**Given material**
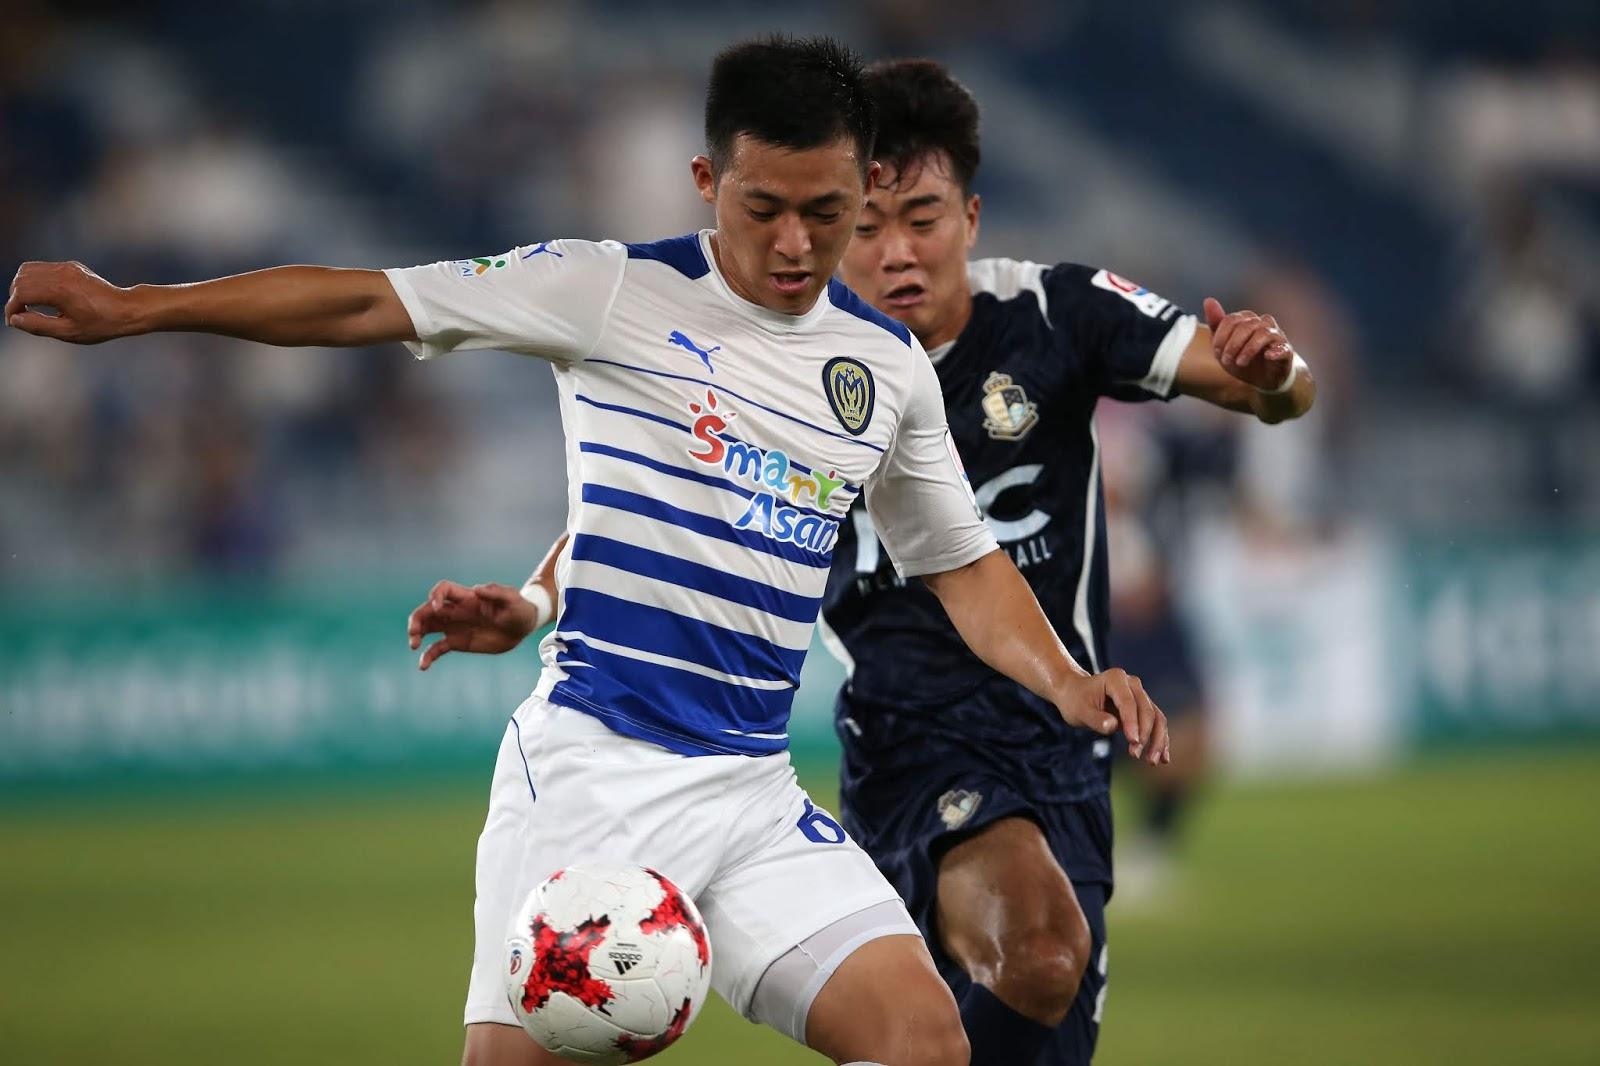 K League 2 Preview: Seoul E-Land vs Asan Mugunghwa
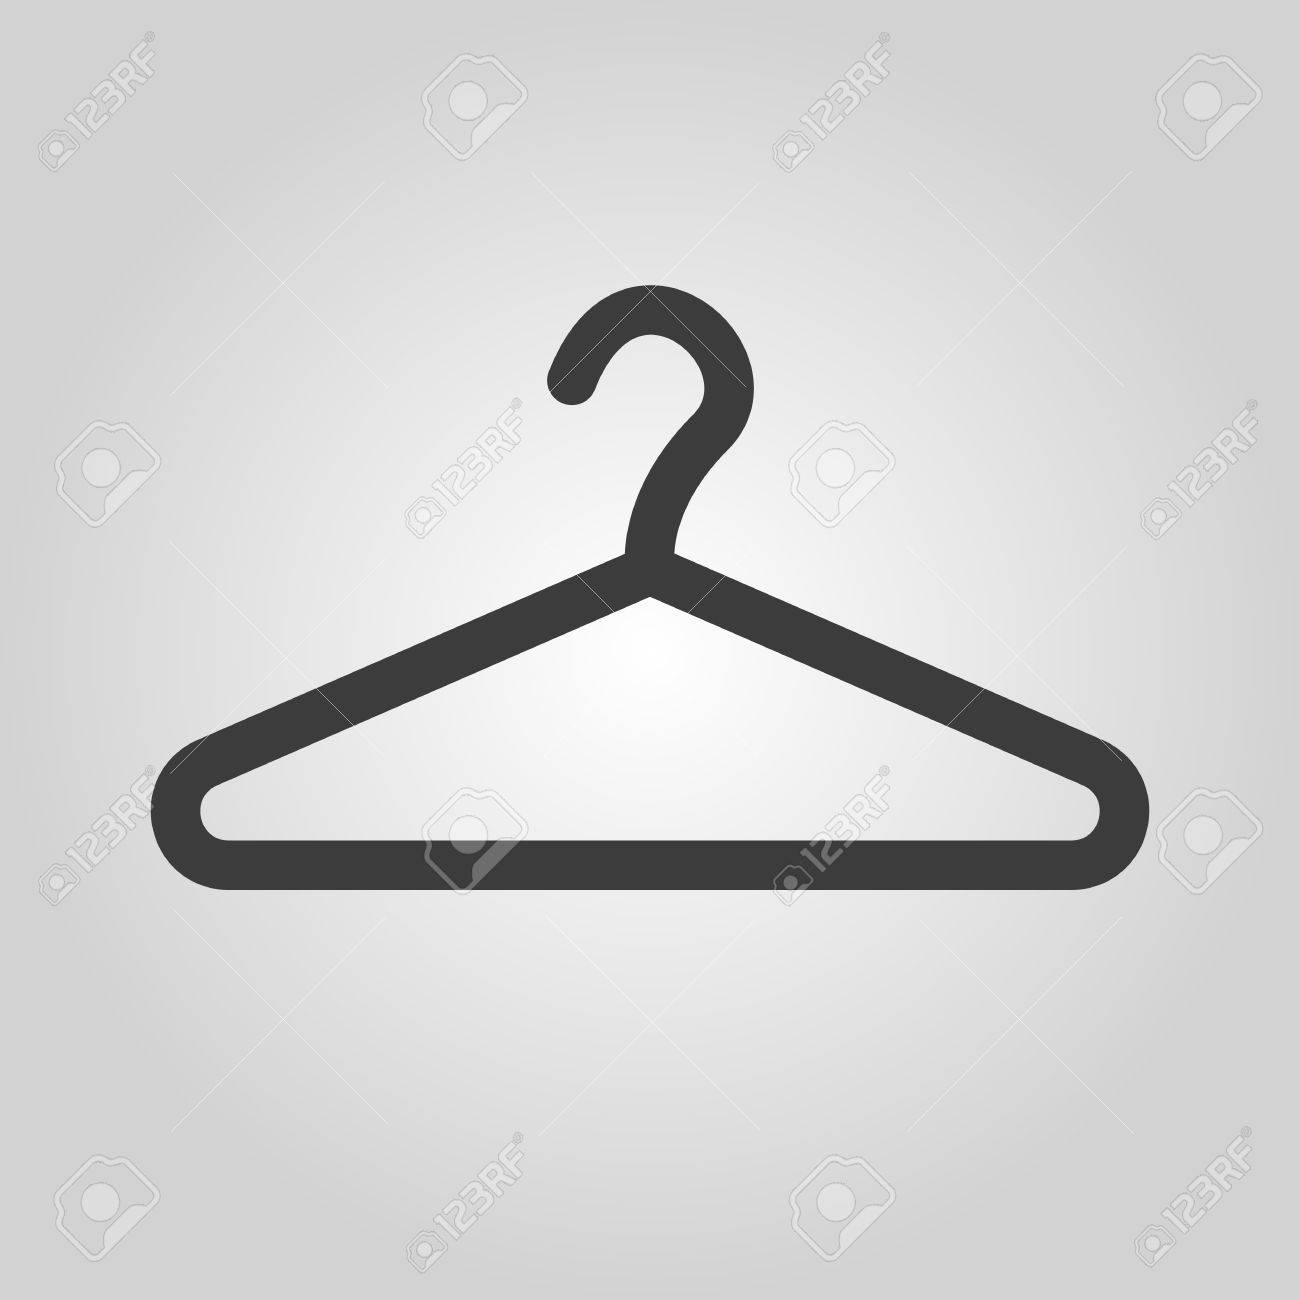 The hanger icon coat rack symbol flat vector illustration the hanger icon coat rack symbol flat vector illustration stock vector 42395168 buycottarizona
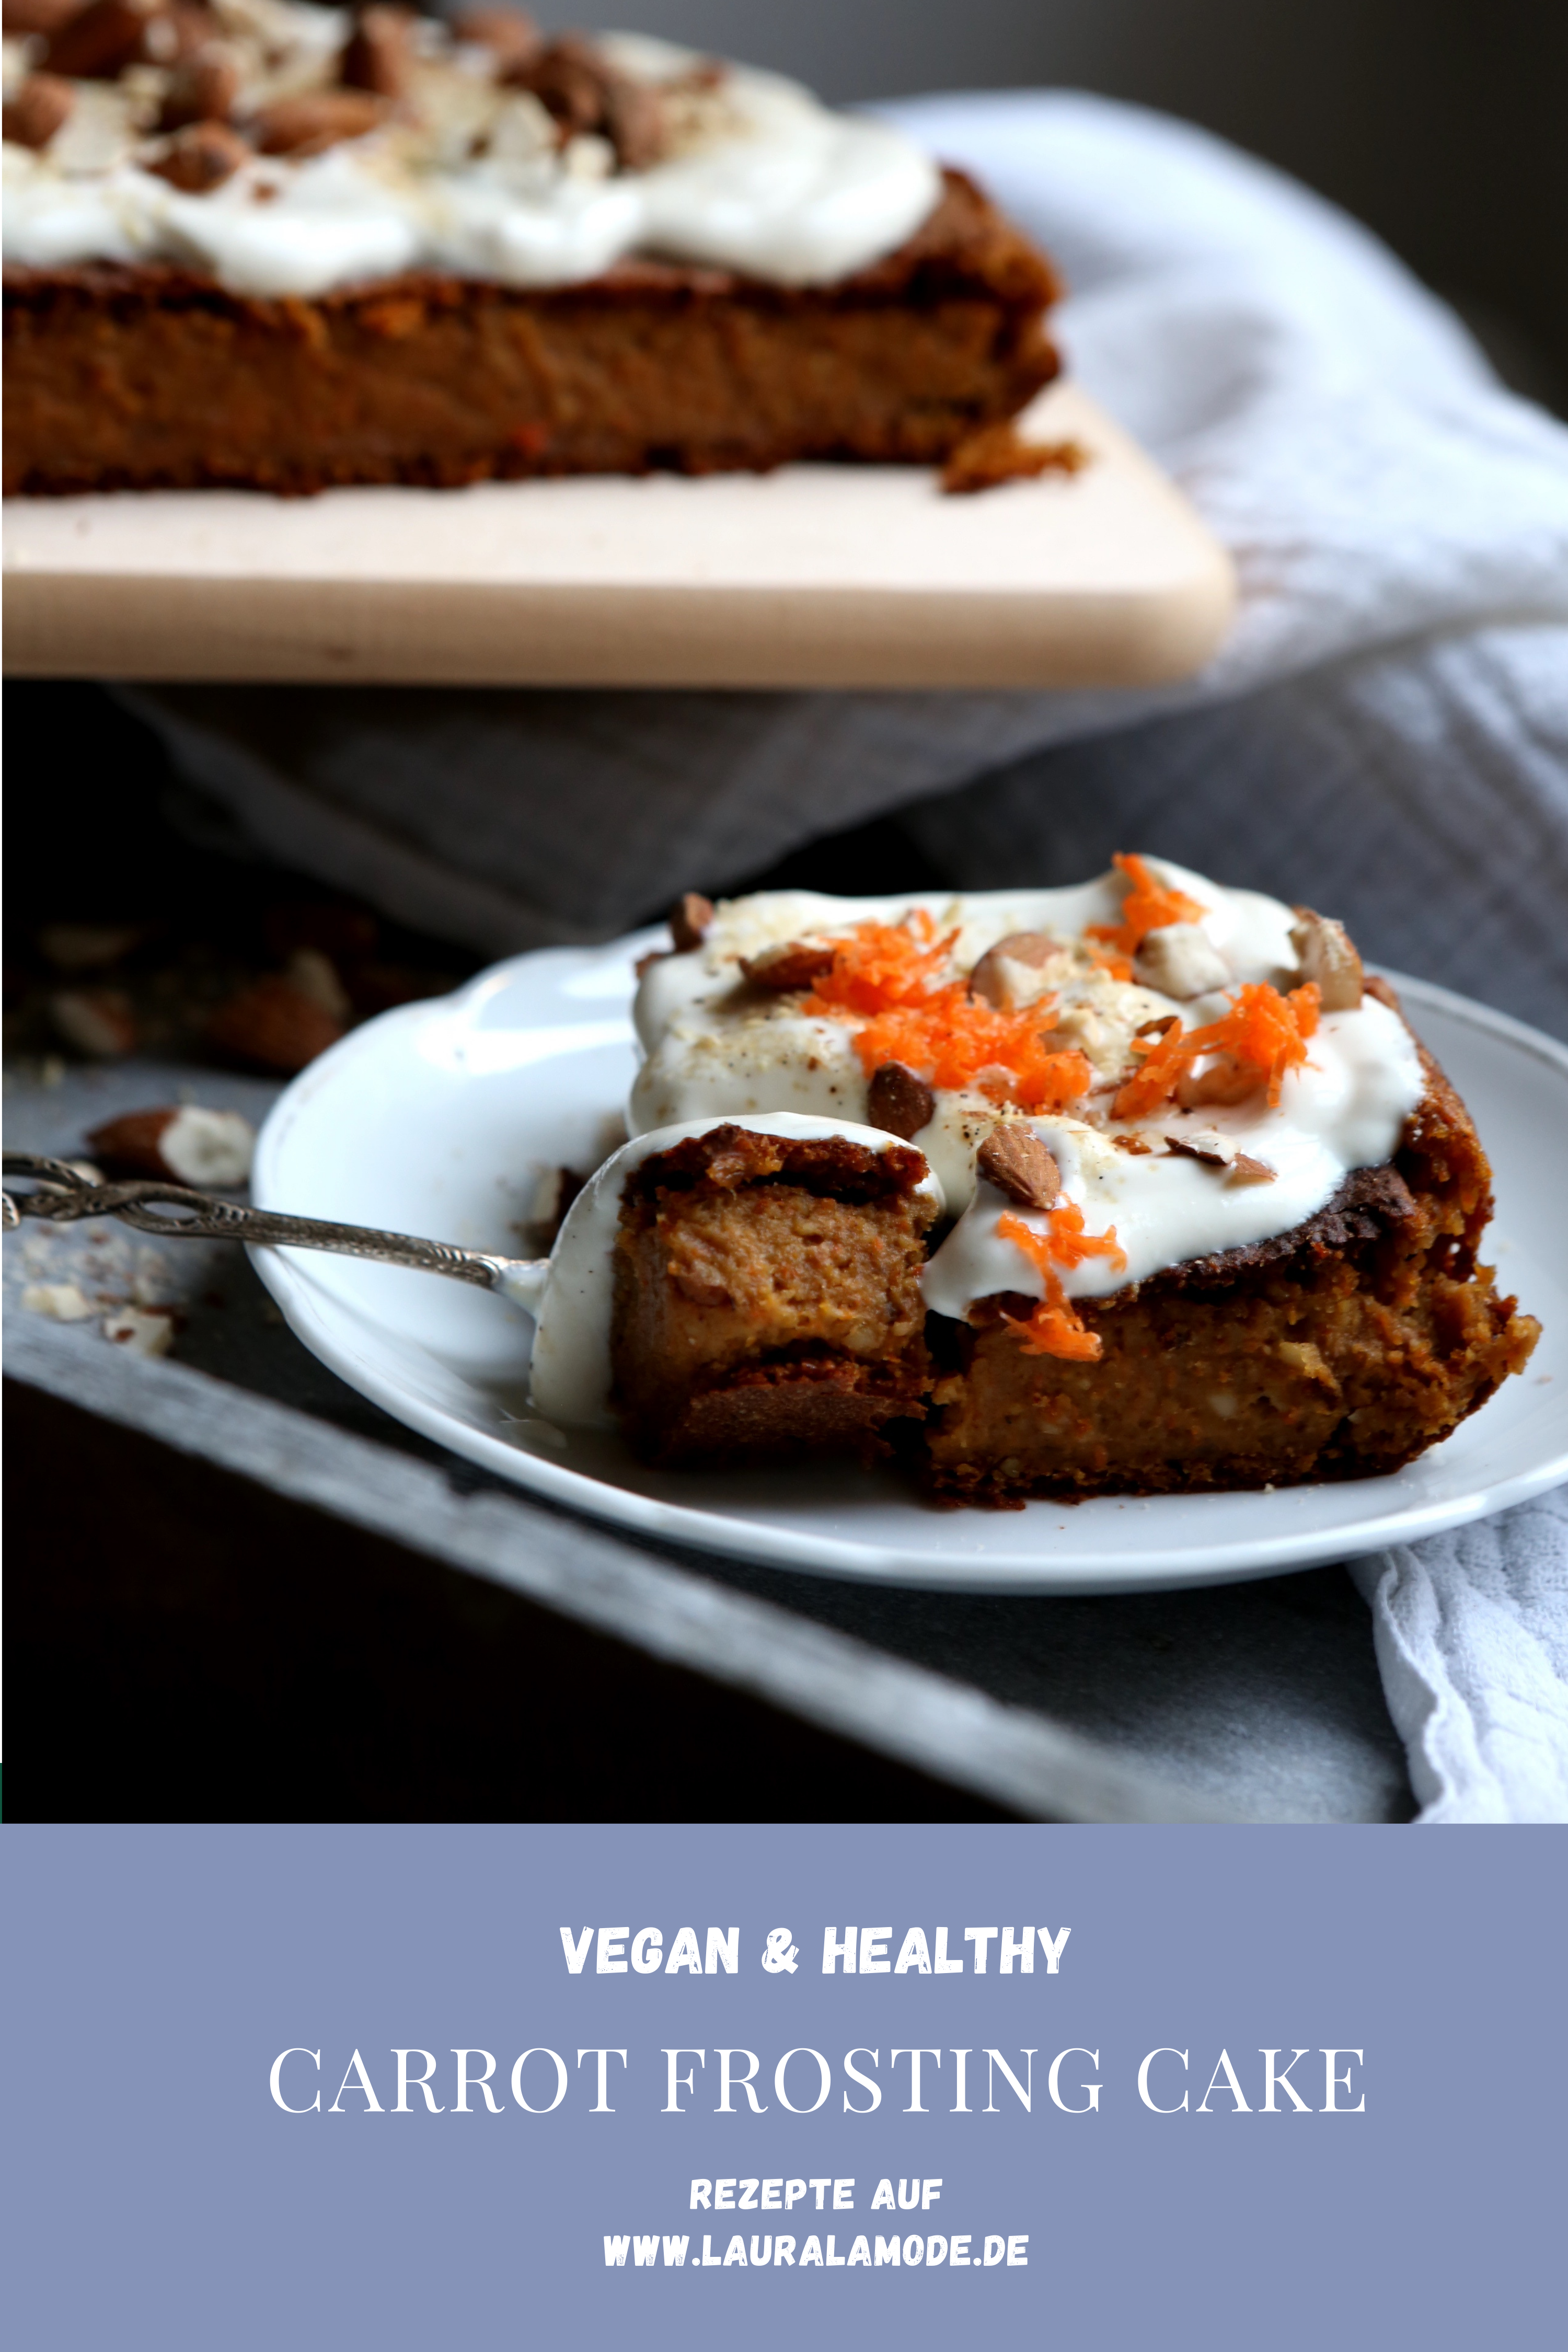 carrot cake-food-vegan-rezept-karotten kuchen-möhrenkuchen-healthy-healthy cake-fit food-fitness-fitness food-foodies-fitness food-low carb-abnehmen-foodblogger-foodblog-lauralamode
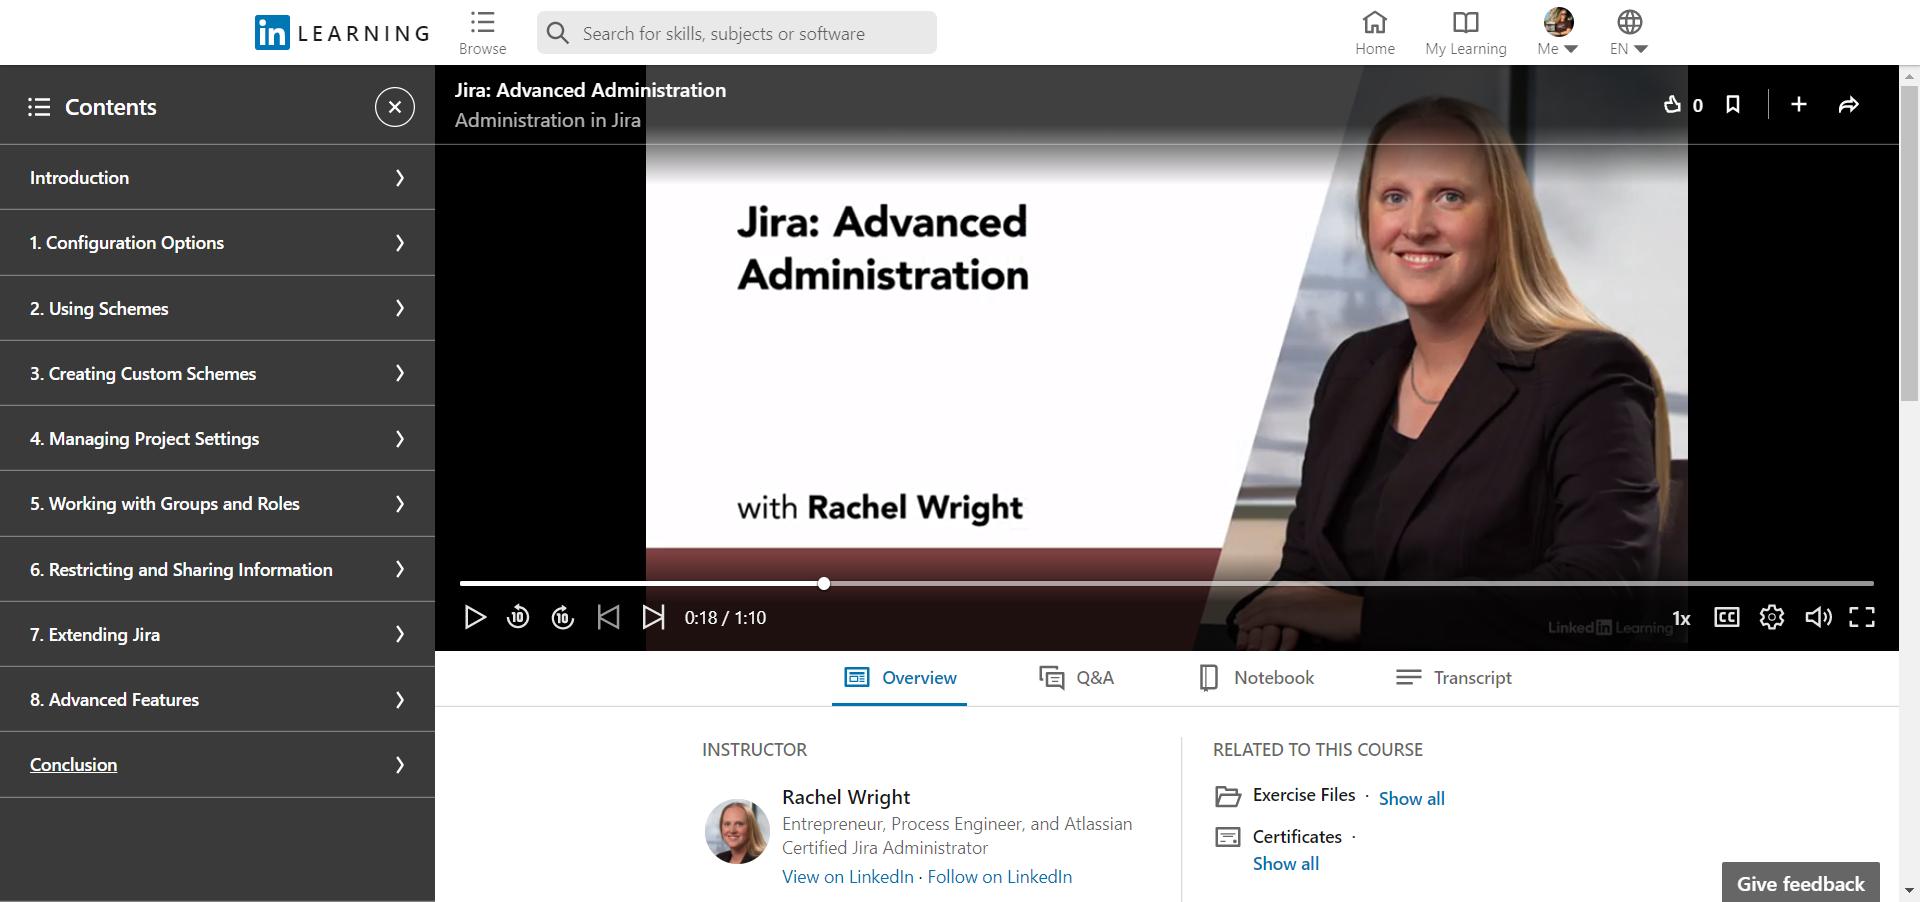 Jira: Advanced Administration

**What to work on**
Would you provide an exact, picture-free copy of the data above?

**Response area**
 K League 2 Preview: Seoul E-Land vs Asan Mugunghwa
 The hanger icon coat rack symbol flat vector illustration the hanger icon coat rack symbol flat vector illustration stock vector 42395168 buycottarizona
 carrot cake-food-vegan-rezept-karotten kuchen-möhrenkuchen-healthy-healthy cake-fit food-fitness-fitness food-foodies-fitness food-low carb-abnehmen-foodblogger-foodblog-lauralamode
 Jira: Advanced Administration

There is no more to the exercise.